Excellent. This perfectly illustrates the power of Subword Tokenization.

* **"unaffable"**: Broken into 3 logical chunks (`una`, `##ffa`, `##ble`). The model can likely infer the meaning is related to "unable" or "affable" based on these sub-parts.
* **"unaffabwle"**: The tokenizer didn't panic or crash. It just kept cutting until it found pieces it recognized (`##b`, `##wl`, `##e`). Even though the word is nonsense, the model has a valid input vector to process.

---

## **Concept 2: Sparse Representations (TF-IDF)**

### Intuition

After tokenization, we have a list of tokens. The simplest way to turn these into numbers is counting them ("Bag of Words"). However, raw counts have a flaw: common words like "the", "is", and "and" appear frequently but carry little information.

**TF-IDF** (Term Frequency - Inverse Document Frequency) fixes this by balancing two factors:

1. **Frequency:** How often does the word appear in *this specific* document? (More is better).
2. **Rarity:** How often does the word appear in *all* documents? (Less is better).

### Mechanics

The score $w_{t,d}$ for a term $t$ in document $d$ is:
$$TF_{t,d} = \frac{\text{count of t in d}}{\text{total terms in d}}$$

1. **TF (Term Frequency):**
$$w_{t,d} = TF_{t,d} \times IDF_t$$
*(Note: Implementations often use raw count or log normalization)*

2. **IDF (Inverse Document Frequency):**
$$IDF_t = \log \left( \frac{N}{df_t} \right)$$
Where $N$ is the total number of documents, and $df_t$ is the number of documents containing term $t$.


### Simpler Explanation

Imagine you are scanning a library for books about "Quantum Physics".
   * The word "the" is in every book. $IDF \approx 0$. It gets a score of 0.
   * The word "Quantum" appears many times in specific books, but not in cookbooks or novels. It has high TF (in the physics book) and high IDF (rare globally).
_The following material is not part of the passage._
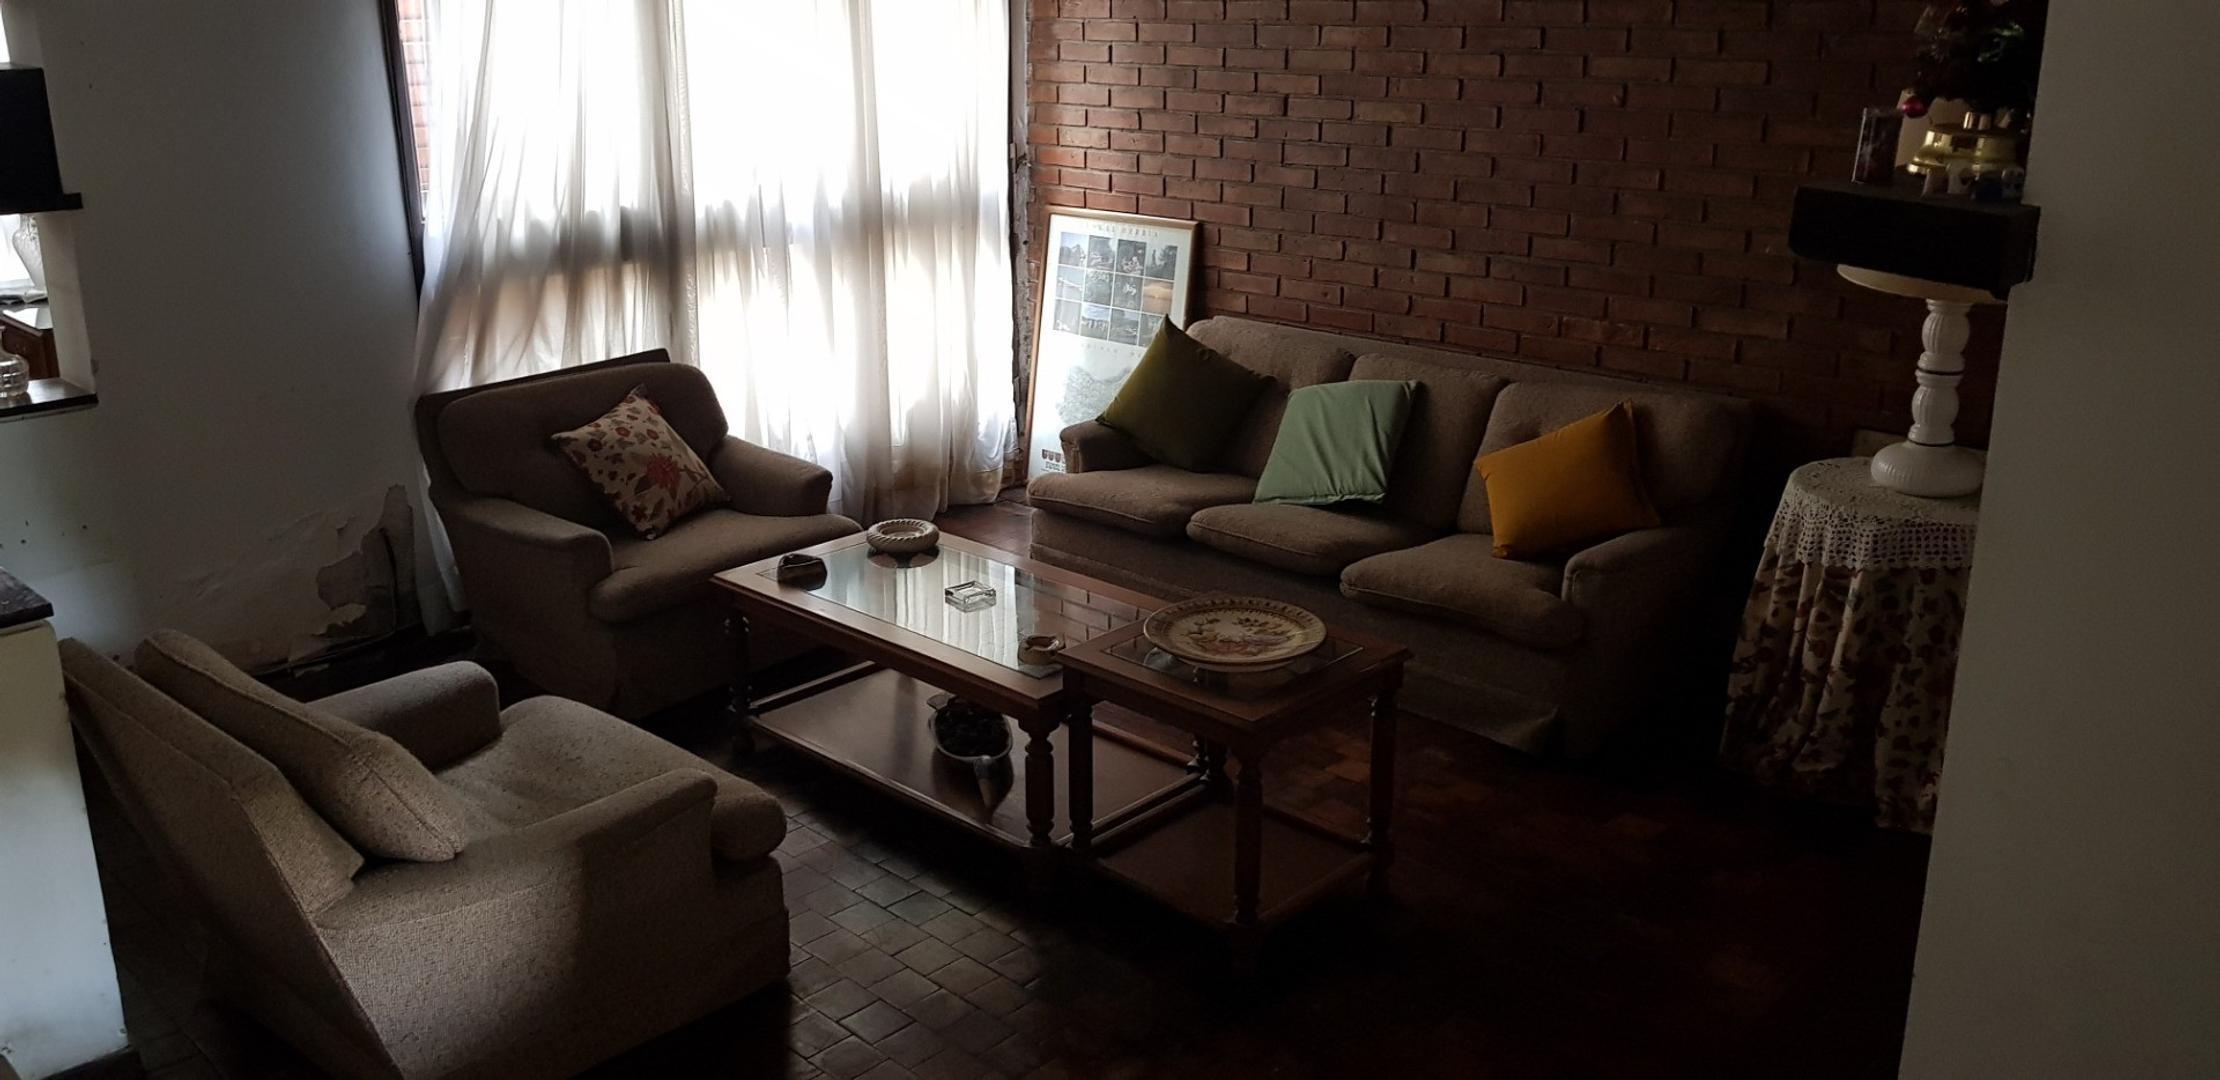 Casa - 300 m² | 5 dormitorios | 40 años

It gets a high score.

### Trade-offs
   * **Pros:** Very fast, interpretable (you know exactly which words triggered the score), works surprisingly well for simple keyword matching.
   * **Cons:** **Sparse** (vectors are mostly zeros), **No Semantics** (it doesn't know "car" and "automobile" are related; they are just different orthogonal dimensions).

---

### Your Task

You will manually calculate the TF-IDF matrix using Scikit-Learn to see the sparsity.

**Specifications:**
   1. **Import:** `TfidfVectorizer` from `sklearn.feature_extraction.text`.
   2. **Data:** Create a list of strings:
   ```python
   corpus = [
       "the cat sat on the mat",
       "the dog sat on the log",
       "cats and dogs are great"
   ]
   
   ```

   3. **Action:**
      * Initialize the vectorizer.
      * Fit and transform the corpus.
      * Get the feature names (the vocabulary).
      * Convert the result to a dense array (using `.toarray()`) or a DataFrame for readability.
   
   
   4. **Output:** Print the feature names and the resulting matrix.